Your answer should hold exactly the lines beginning with the one that contains "Christmas Star of Light 1 - so simple" and ending with the last line of the material, both included. Leave every picture out.

Provided data
<<<<

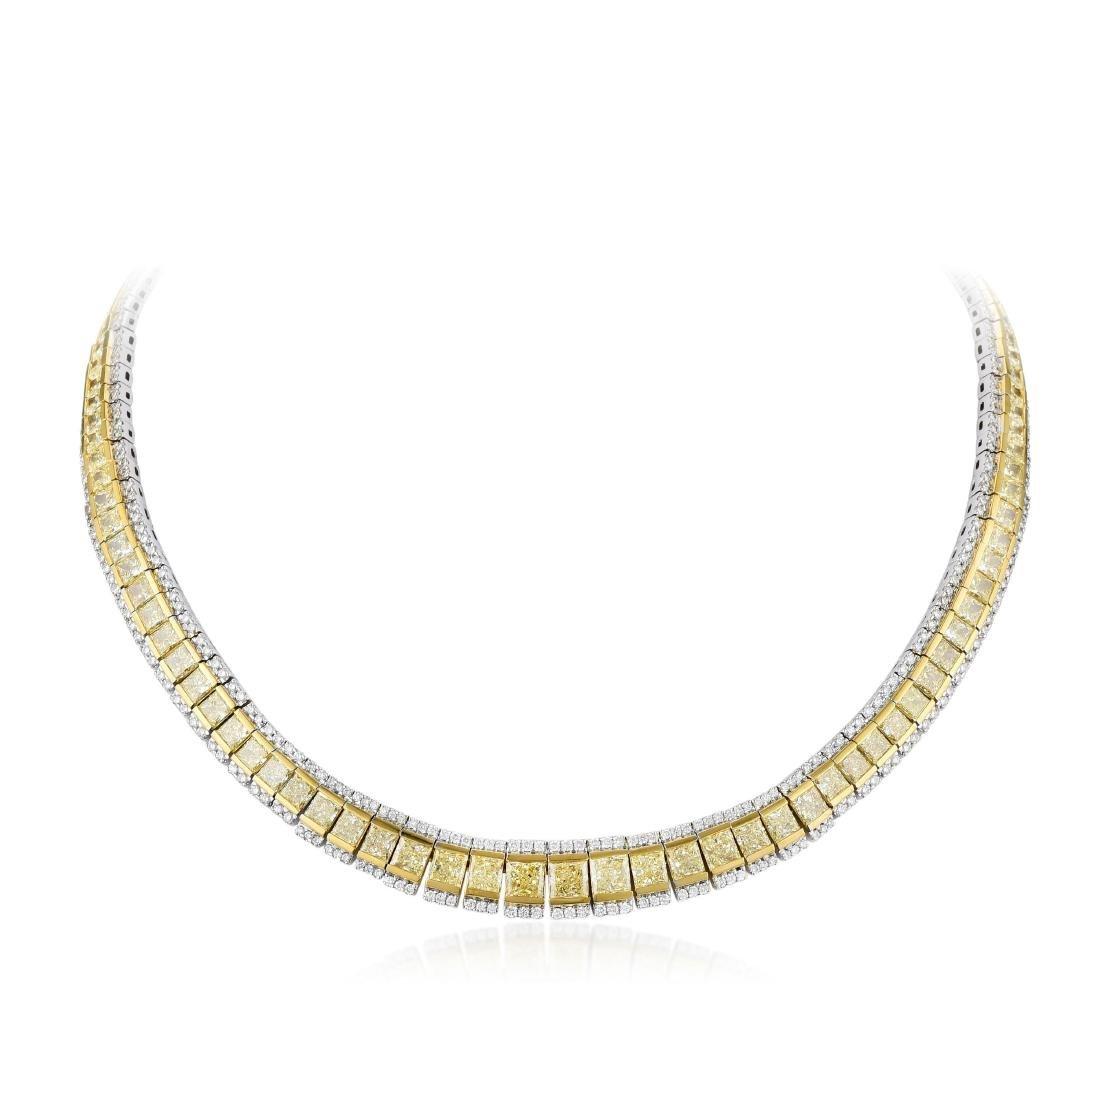 A Yellow Diamond Necklace
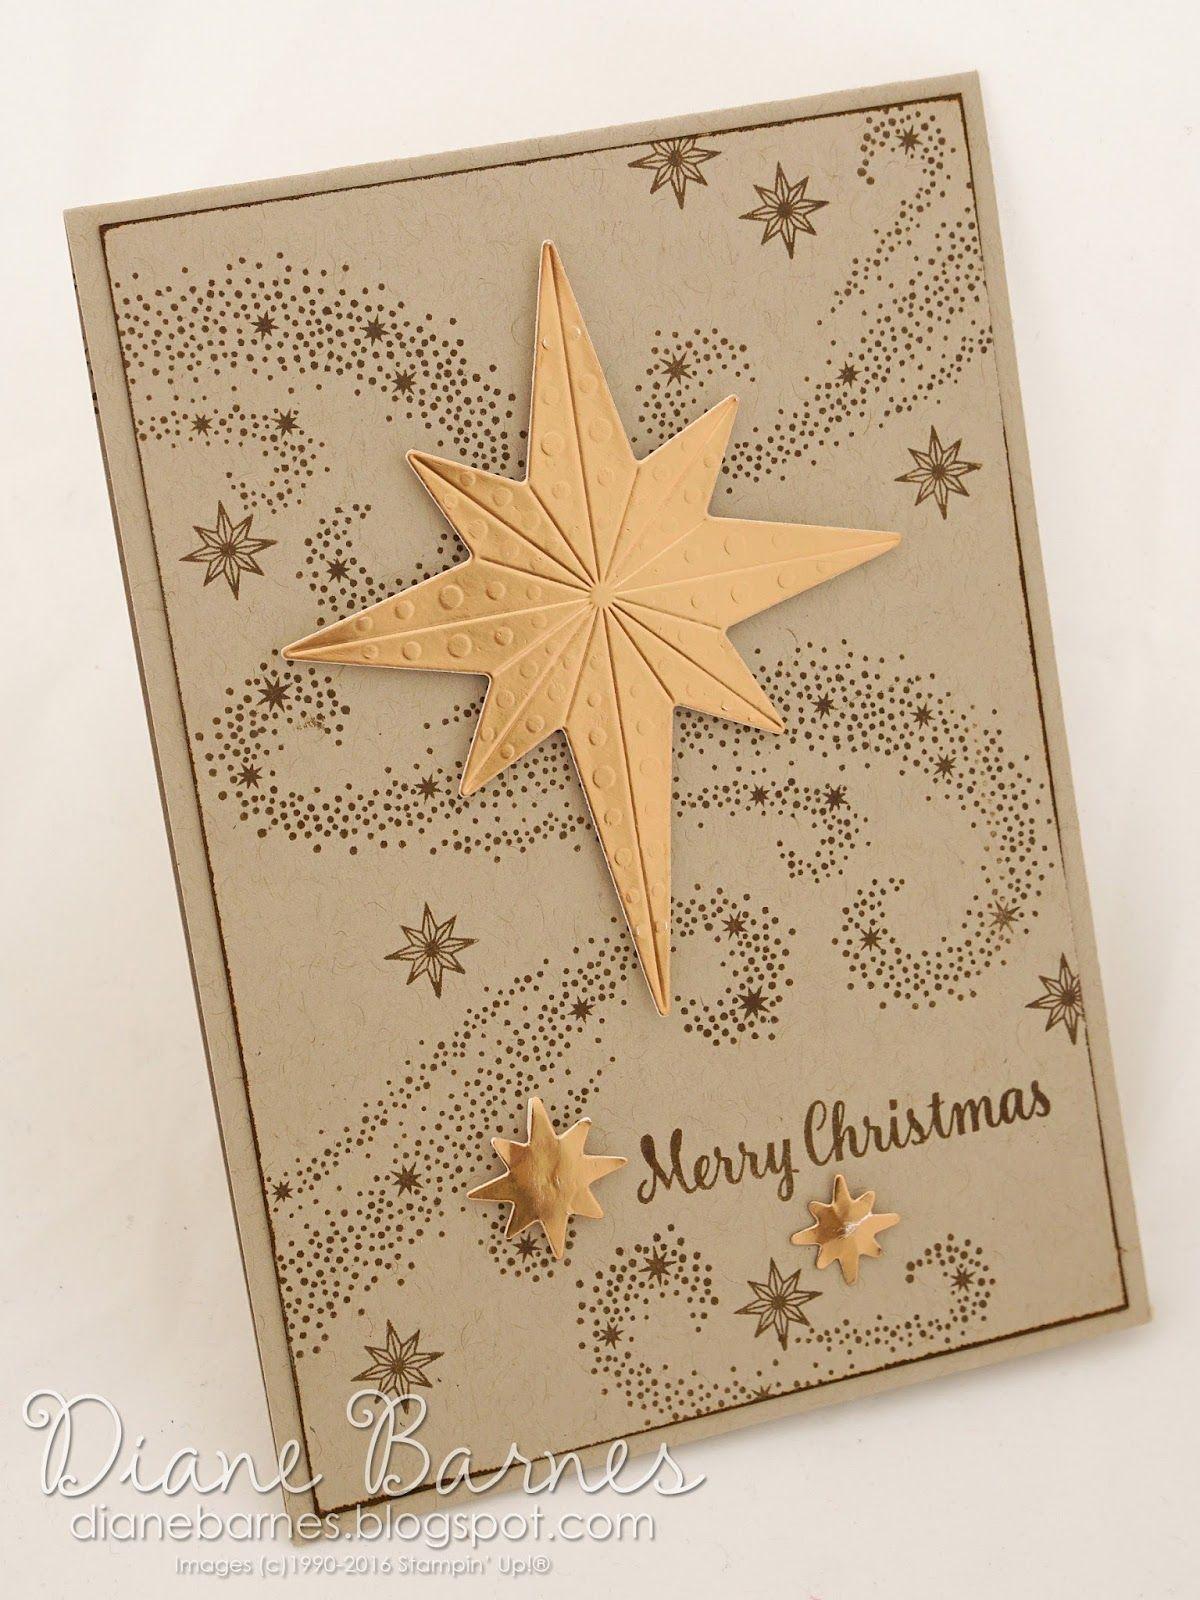 Christmas Star of Light 1 - so simple
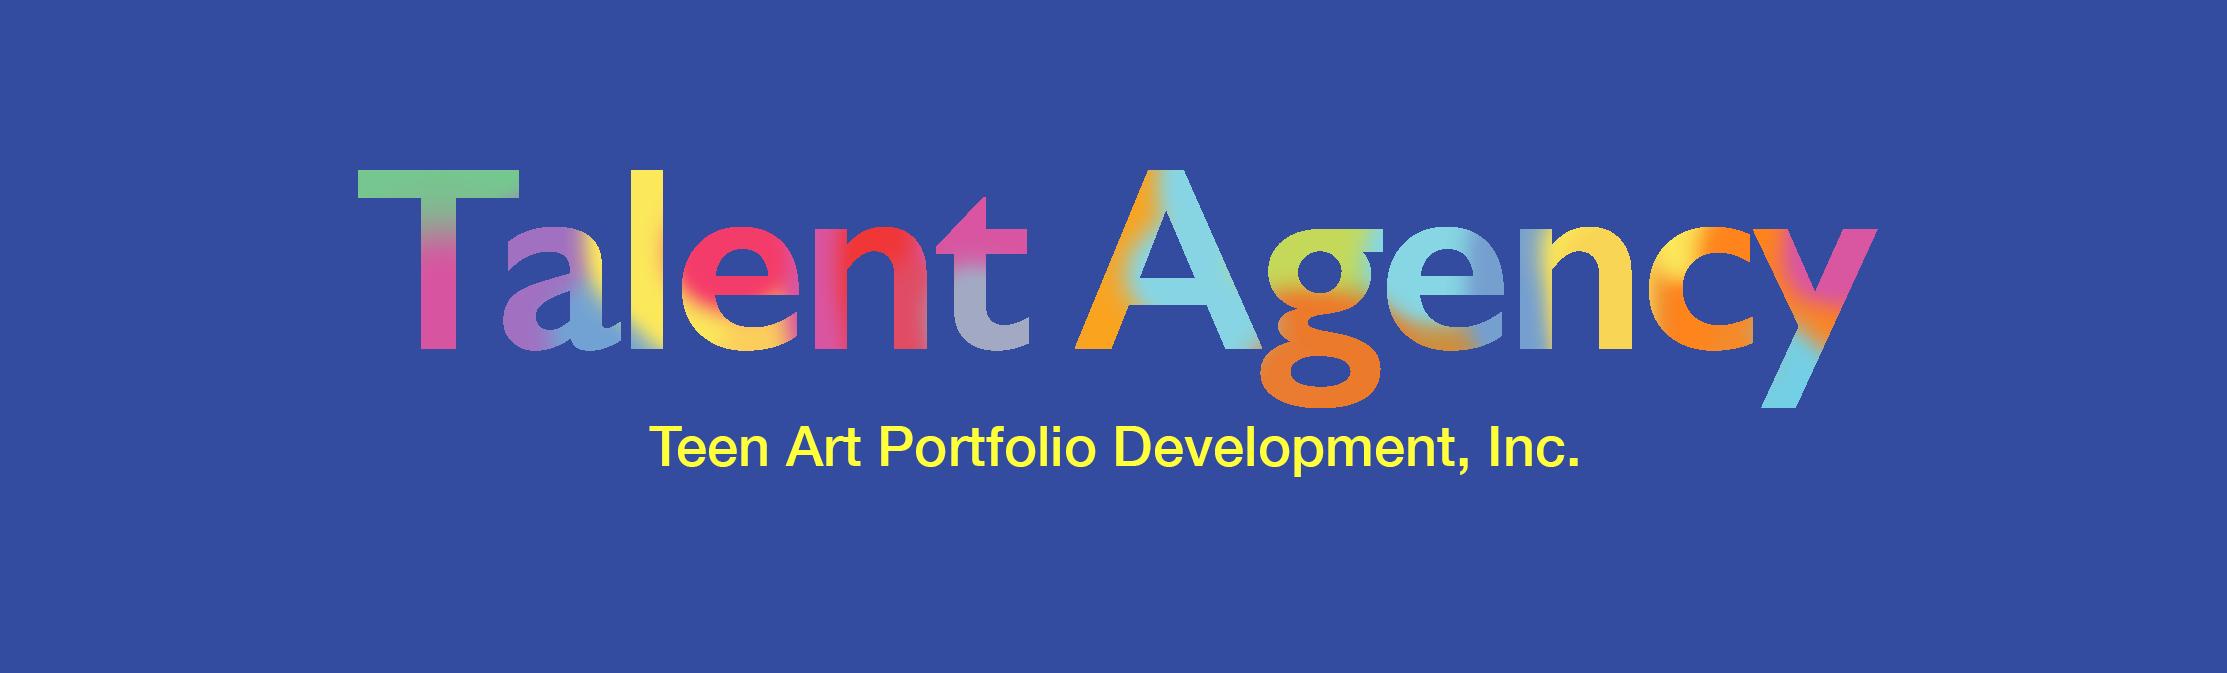 TalentAgencylogo3.png
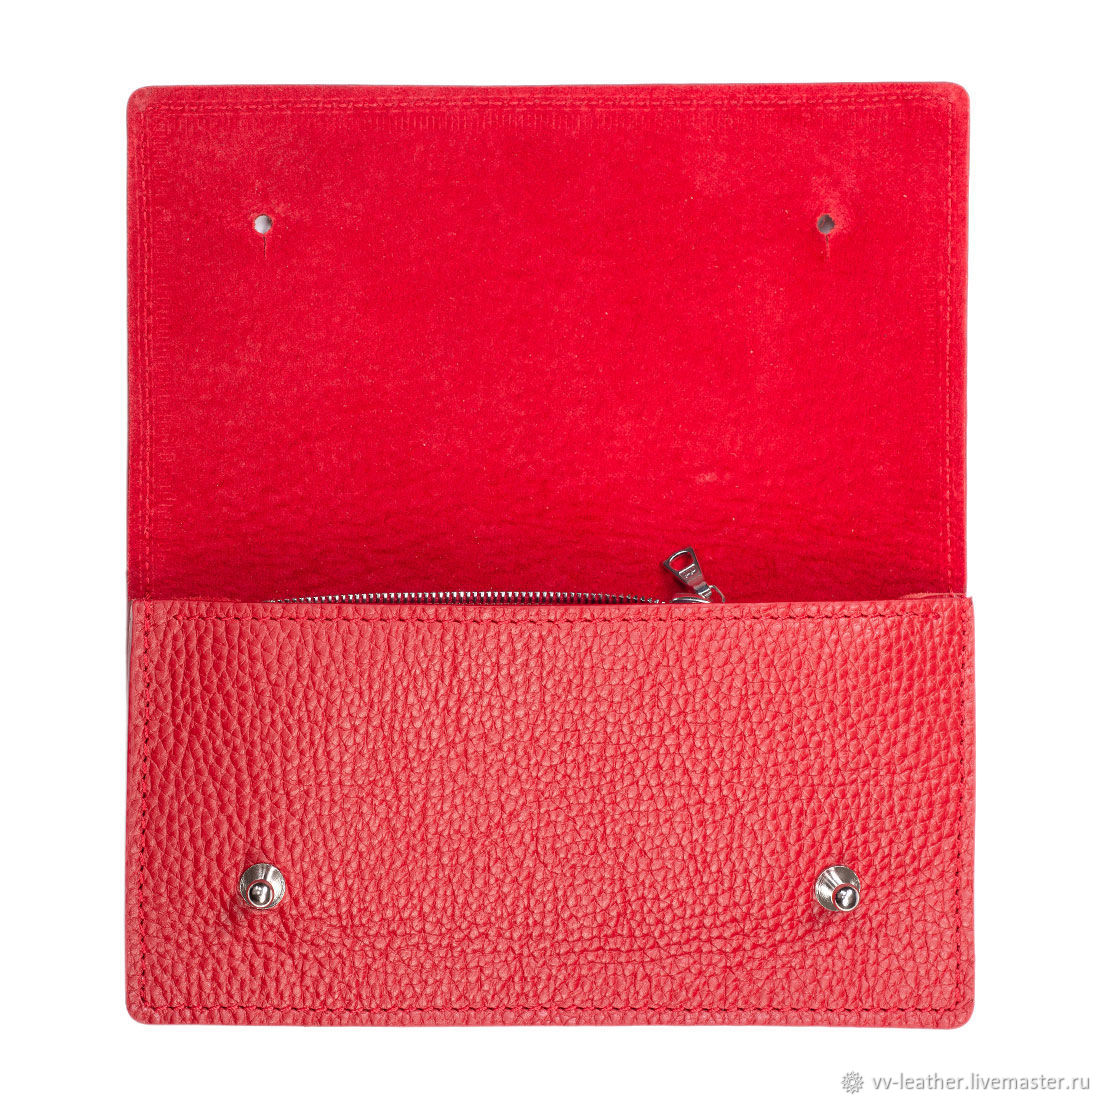 Women's clutch wallet leather, Wallets, Moscow,  Фото №1

>>>>

Worked solution
 Christmas Star of Light 1 - so simple
 TalentAgencylogo3.png
 Women's clutch wallet leather, Wallets, Moscow,  Фото №1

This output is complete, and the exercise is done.